Option A: Direct access

The device is accessed directly from the mobile app using device IP address. You will be presented with a dialog window to enter the IP address of the device. Once the IP address is submitted, the app will launch the UI with the list of cameras connected to the device.

Option B: Cloud based access

The device is accessed remotely from the mobile app through cloud. You will be presented with a web-based login based on AWS Cognito. Follow the prompts and create an account. Once you receive an email confirming an account creation, you will be redirected back to the mobile application, and a UI with a list of devices will be shown.

Supported Stream Count

Number of streams (cameras) supported by an Jetson Platform Services based application depends on a variety of factors including:

Hardware platform used (Orin AGX, Orin NX16, Orin NX8, Orin Nano)
Model used: PeopleNet 2.6 is an unpruned model offering superior accuracy at the expense of higher resource utilization. Model architecture, use of pruning and quantization techniques impact utilization and hence supported stream count
DeepStream configuration: configuration attributes impacting resource utilization include inference interval, type of tracker used, streammux/inference/tracker intervals
Stream resolution and encoding: these determine decoder limits as H.265 supports larger decode limit than H.265 (26 versus 14 for 1080p resolution)
Number of webRTC concurrent stream: webRTC streaming consumes memory, and for the devices with smaller available RAM the memory consumed at higher stream counts can be a bottleneck

Ultimately, processing more streams than the system supports results in saturation of potentially any of system resources including GPU, DLA, RAM, memory bandwidth, decode/encoder utilization. Inputting more streams than system can support will result in drop in FPS of underlying DeepStream pipeline to under real-time performance (typically 30 fps), thereby the system dropping frames. Utilization of these resources can be identified by use of the tegrastats utility.

The AI-NVR reference application showcased in this quickstart guide can support stream count as below based on using PeopleNet 2.6 model using DLA based inference and NVDCF tracker with accuracy config running on PVA on Orin AGX, Orin NX16, and Orin NX8. Orin Nano configs utilize the GPU.

16 H.265 streams on Orin AGX developer kit (with 32GB RAM)
8 H.265 streams on Orin NX16
4 H.265 streams on Orin NX8
4 H.265 streams on Orin Nano

These numbers are based on inference running on DLA, and tracker on combination of PVA and GPU on Orin AGX, Orin NX16, and Orin NX8 - thereby sparing GPU for running additional AI. As Orin Nano does not have these hardware accelerators, tasks are run on GPU instead.

Also note that image pre-processing operations, including scaling for inference and tracking, is configured to run on GPU instead of the VIC for the Orin AGX platform due to current issue with pipeline freeze when using VIC outlined in Troubleshooting

In addition to the above, we were able to launch webRTC streaming for 2 streams on both Orin AGX and Orin NX16 with good streaming quality.

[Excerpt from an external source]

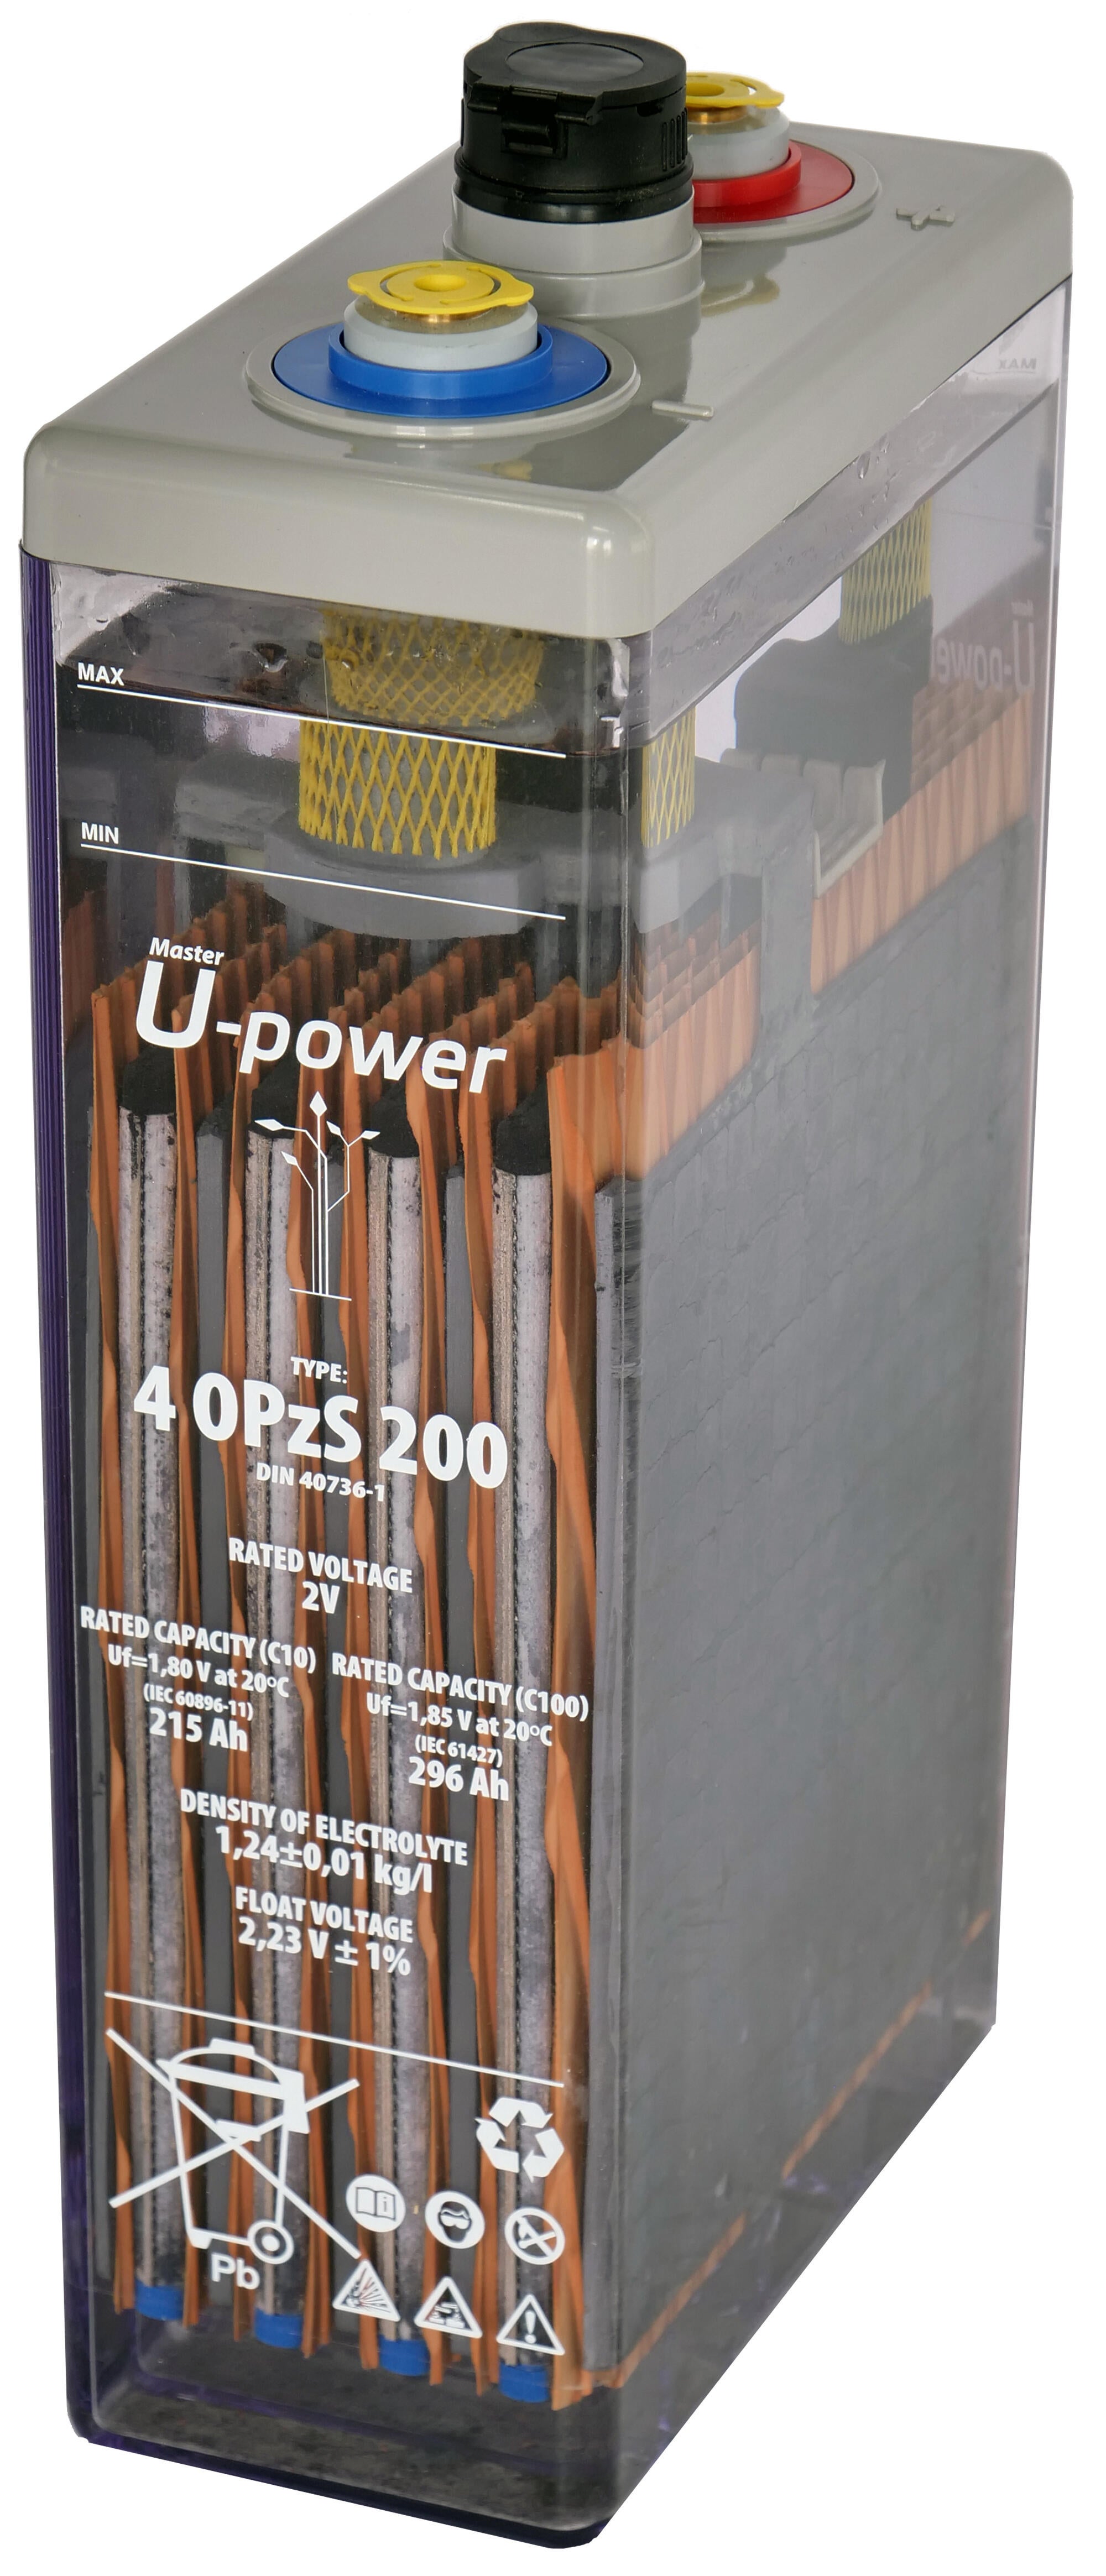 Batería solar estacionarial u-power 4 opzv 200 2v c100 338ah

One aspect to note is that one instance of the hardware decoder is each used by:

DeepStream processing each video stream from VST
Every webRTC stream instance launched between the mobile app (client) and the Jetson device

So the sum of the above has to be within the supported decoder stream count. Developers could apportion the number between the two usages as needed.

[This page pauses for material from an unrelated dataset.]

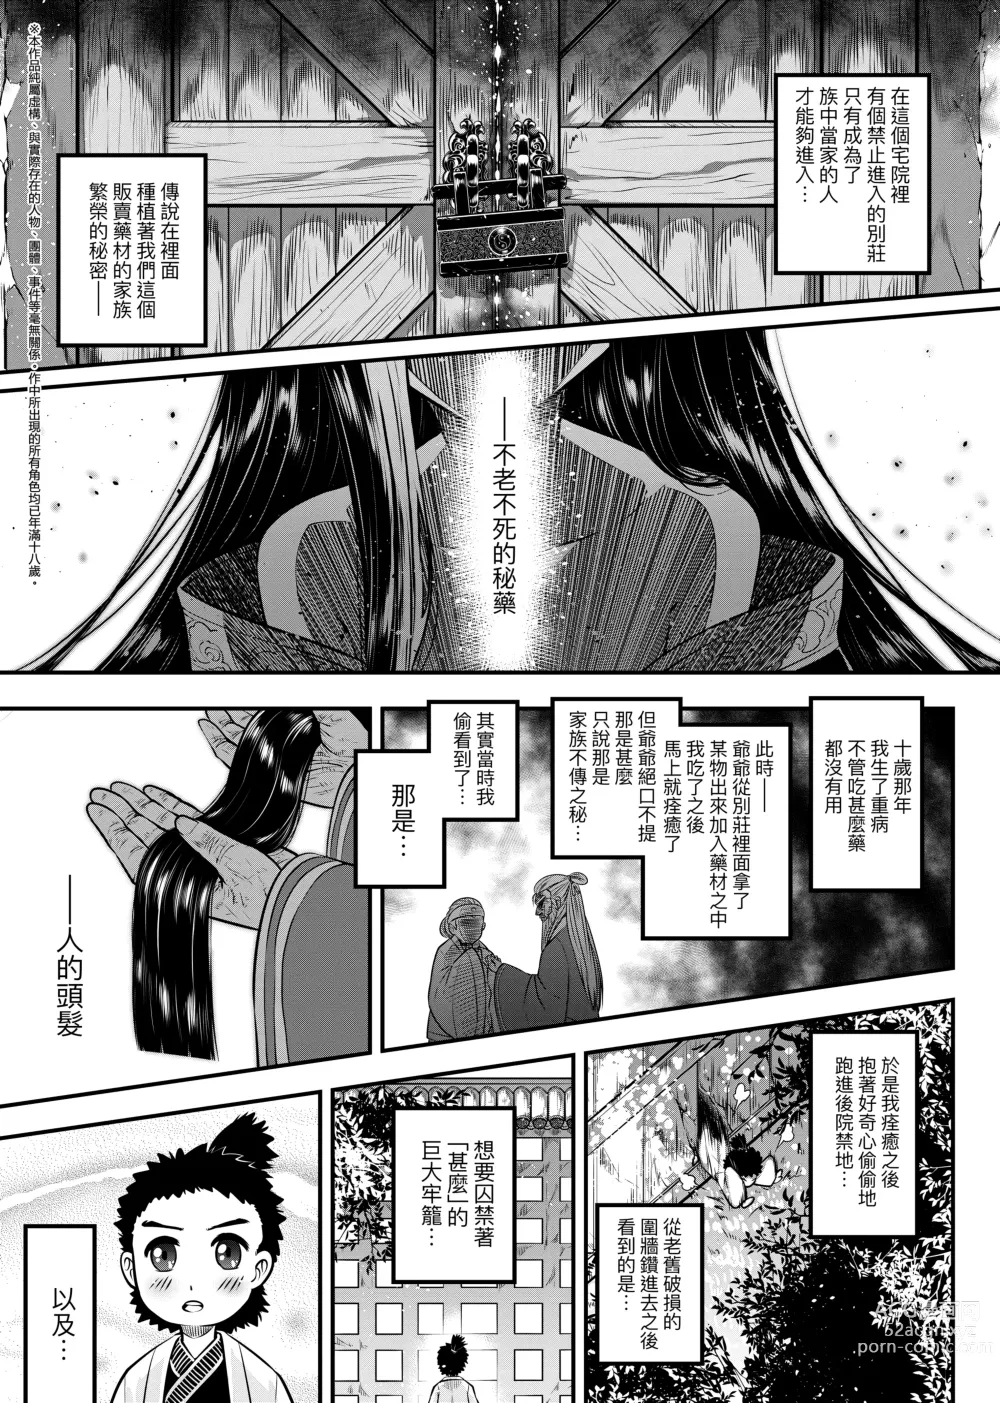 Page 6 of manga 永世流轉 (decensored)

The utilization metrics for various system resources on Orin is show in the table below.

Platform	Stream Count	CPU	RAM	GPU	VIC	DLA0/1 (avg)	PVA
Orin AGX 32GB	16	57%	9,877 MB	64%	NA%	74%	17%
Orin NX16	8	53%	7,972 MB	35%	52%	56%	19%
Orin NX8	4	34%	3,198 MB	7%	49%	61%	6%
Orin Nano 8GB	4	72%	3,274 MB	60%	52%	N/A%	N/A%

Note the remaining available GPU enabling simultaneous execution of other AI workloads.

Use the tegrastats utility to monitor if any of the system resources are approaching full utilization for your scenarios, which would lead to drop in FPS and streaming quality.